Actually, it manifestly is on the judiciary to say that. If Congress started adding clauses to legislation to the tune of "this law is not subject to judicial review", the judiciary is fully within it's rights as outlined by the Constitution to strike down the law, as the Legislature, by definition, cannot produce a thing with force of law contradicting a limitation placed on it by the Constitution short of another Constitutional Amendment + the requisite ratifications. An unconstitutional law, is no law at all. The issue of constitutionality is purely the realm of the judiciary. No one else. You can change what the Judiciary looks like; but you can't structurally usurp it's powers under the Constitution.

There is a reason Jefferson and Madison were really nervous about how the judiciary ended up playing out in practice though.

> If Congress started adding clauses to legislation to the tune of "this law is not subject to judicial review", the judiciary is fully within it's [sic] rights as outlined by the Constitution to strike down the law

I'm not suggesting that Congress go that far.
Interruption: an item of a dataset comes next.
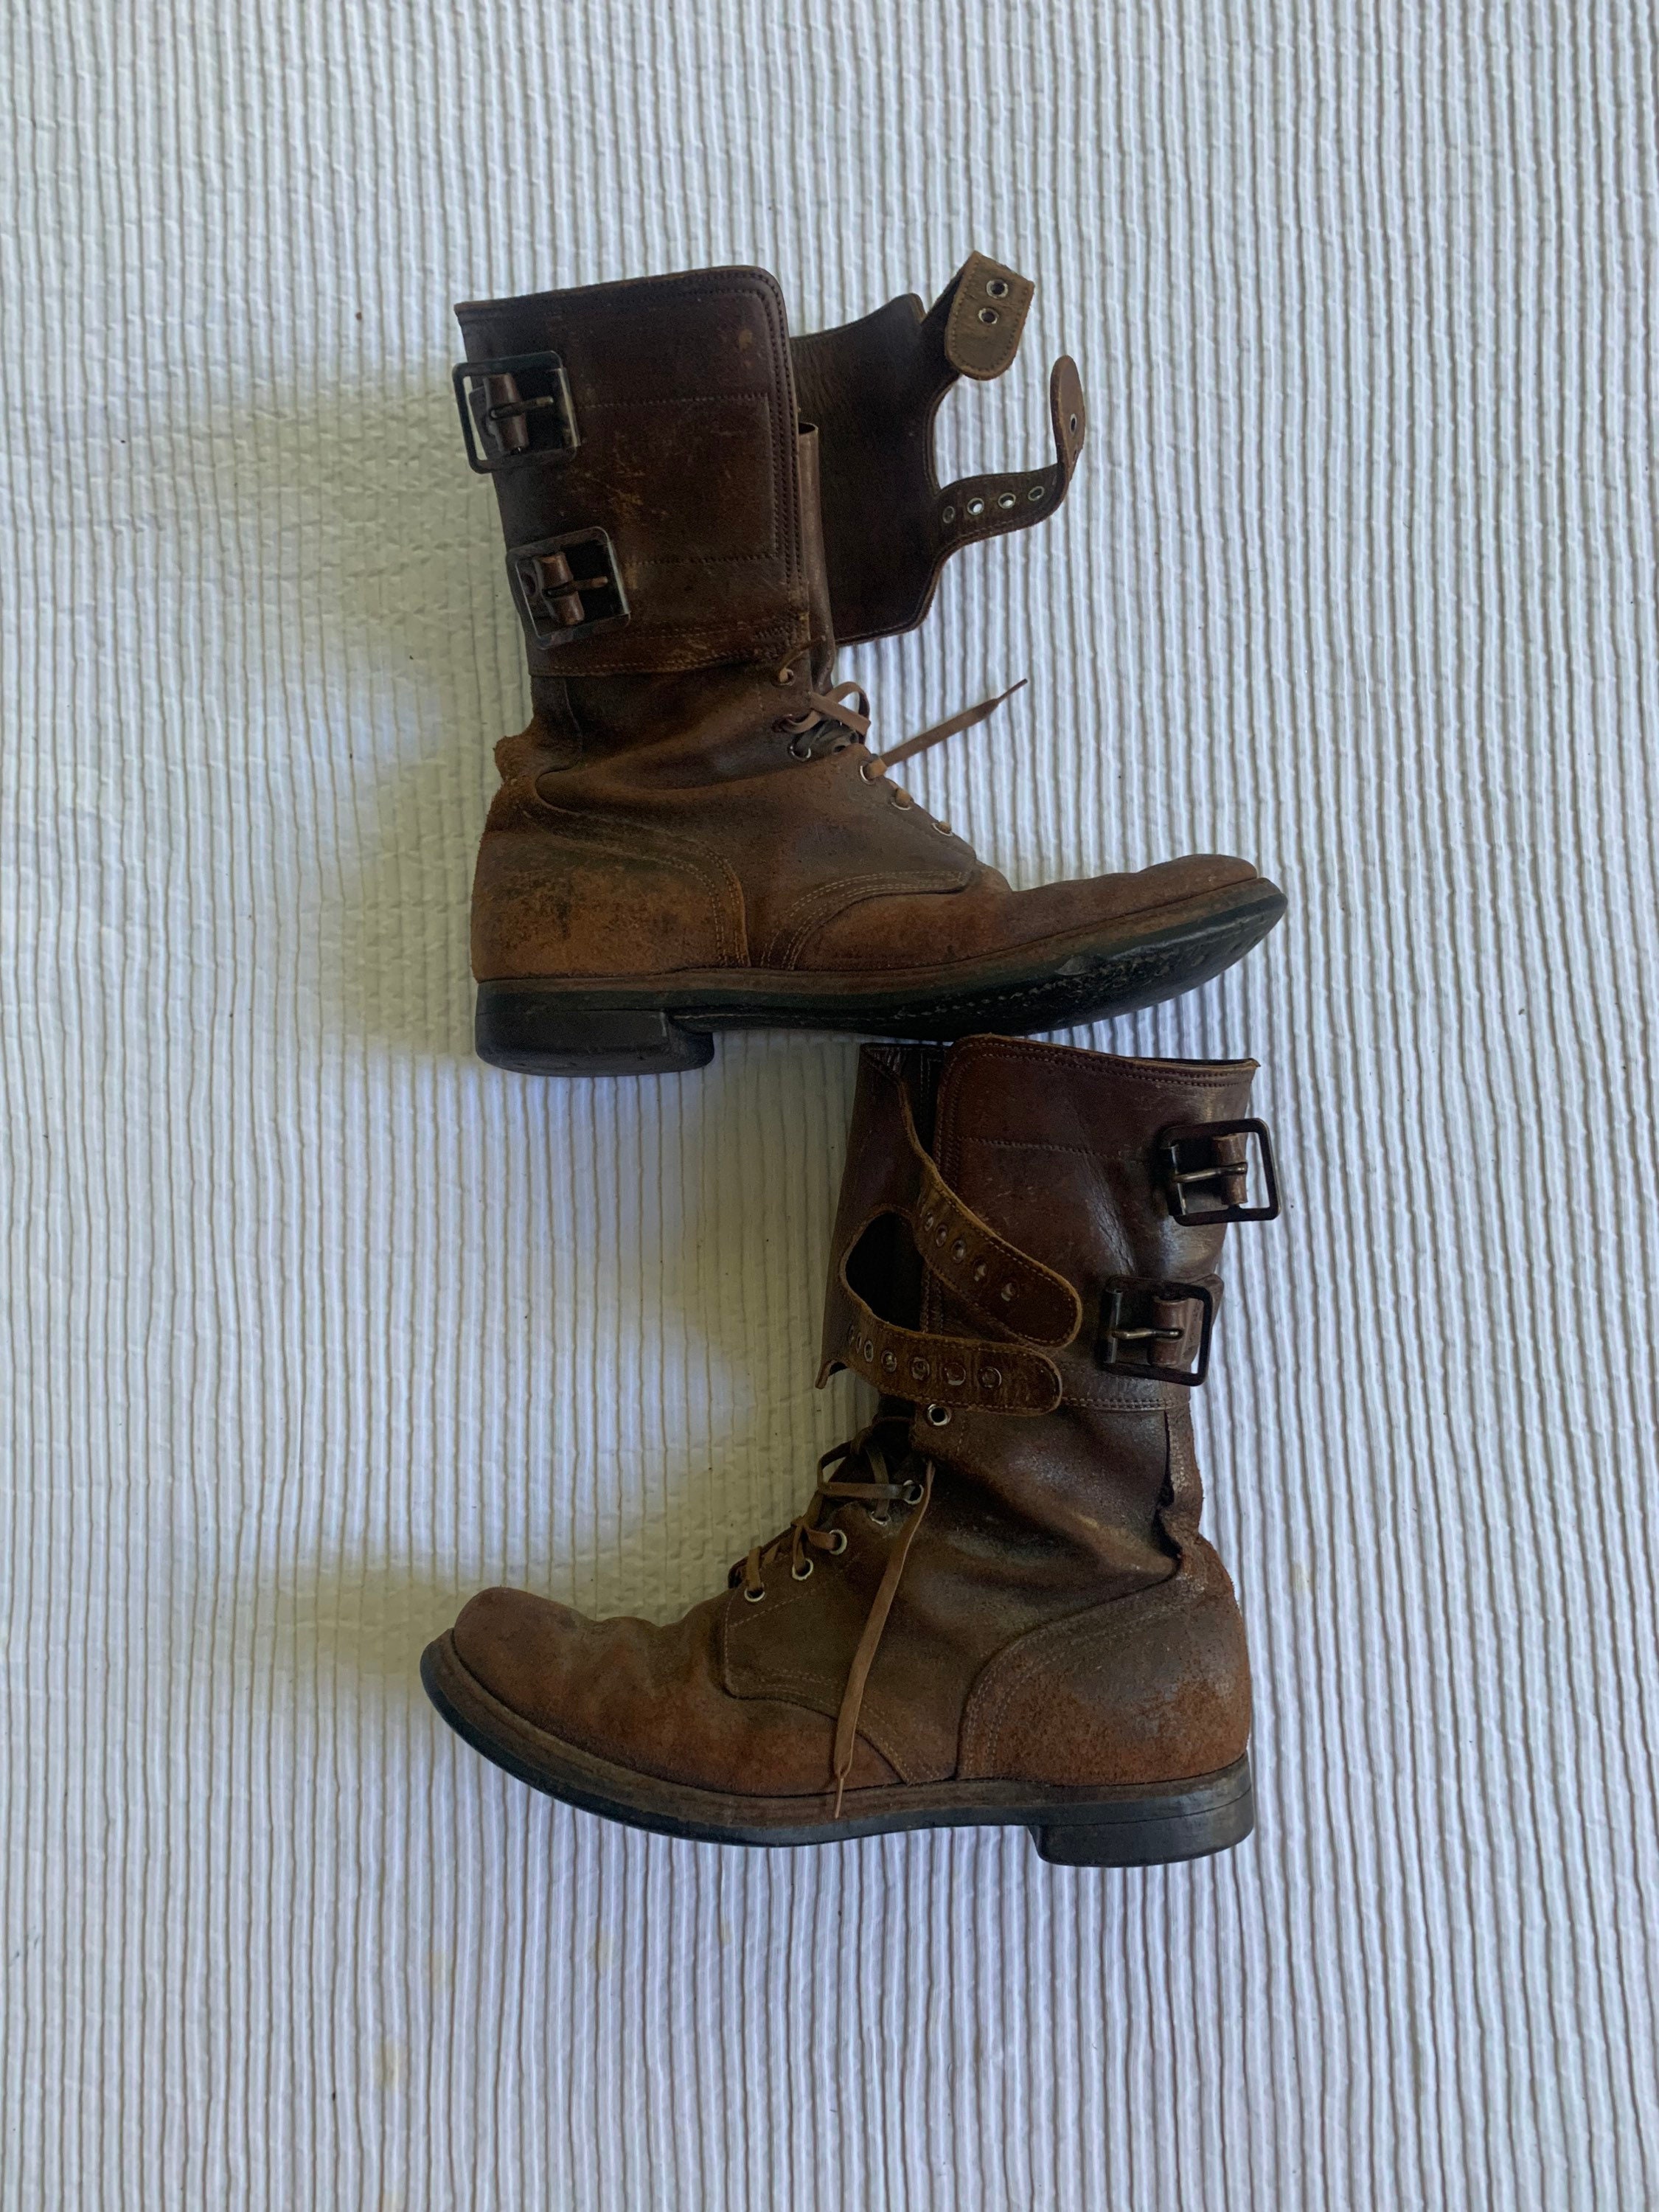 WWII Duitse Innerbrucker Marwa Militaire Bergbeklimmers Chukka Wandelen Mens Boots Shoes Maat 10 met RRL Denim Trucker Hat. Schoenen Herenschoenen Laarzen Werklaarzen & Kisten

But don't forget the Exceptions and Regulations Clause in Article III: "In all the other Cases before mentioned [i.e., establishing various grounds of federal-court jurisdiction], the supreme Court shall have appellate Jurisdiction, both as to Law and Fact, with such Exceptions, and under such Regulations as the Congress shall make."

That sounds pretty plenary to me. And Congress has sometimes exercised that power, e.g.:

* Severely limiting and even foreclosing judicial review of certain types of decision by immigration authorities: 8 U.S.C. § 1252(g)

* Ditto for decisions about Social Security: 42 U.S.C. § 405(h)

My vague recollection from law school is that SCOTUS has said that this is OK as long as Congress provides sufficient due process via other means.

> The issue of constitutionality is purely the realm of the judiciary. No one else.

It's astonishing how such an exalted view of the judge's role has taken root and spread like kudzu from its origins in John Marshall's brazenly-bootstrapped argument in Marbury v. Madison (and the All-Writs Act).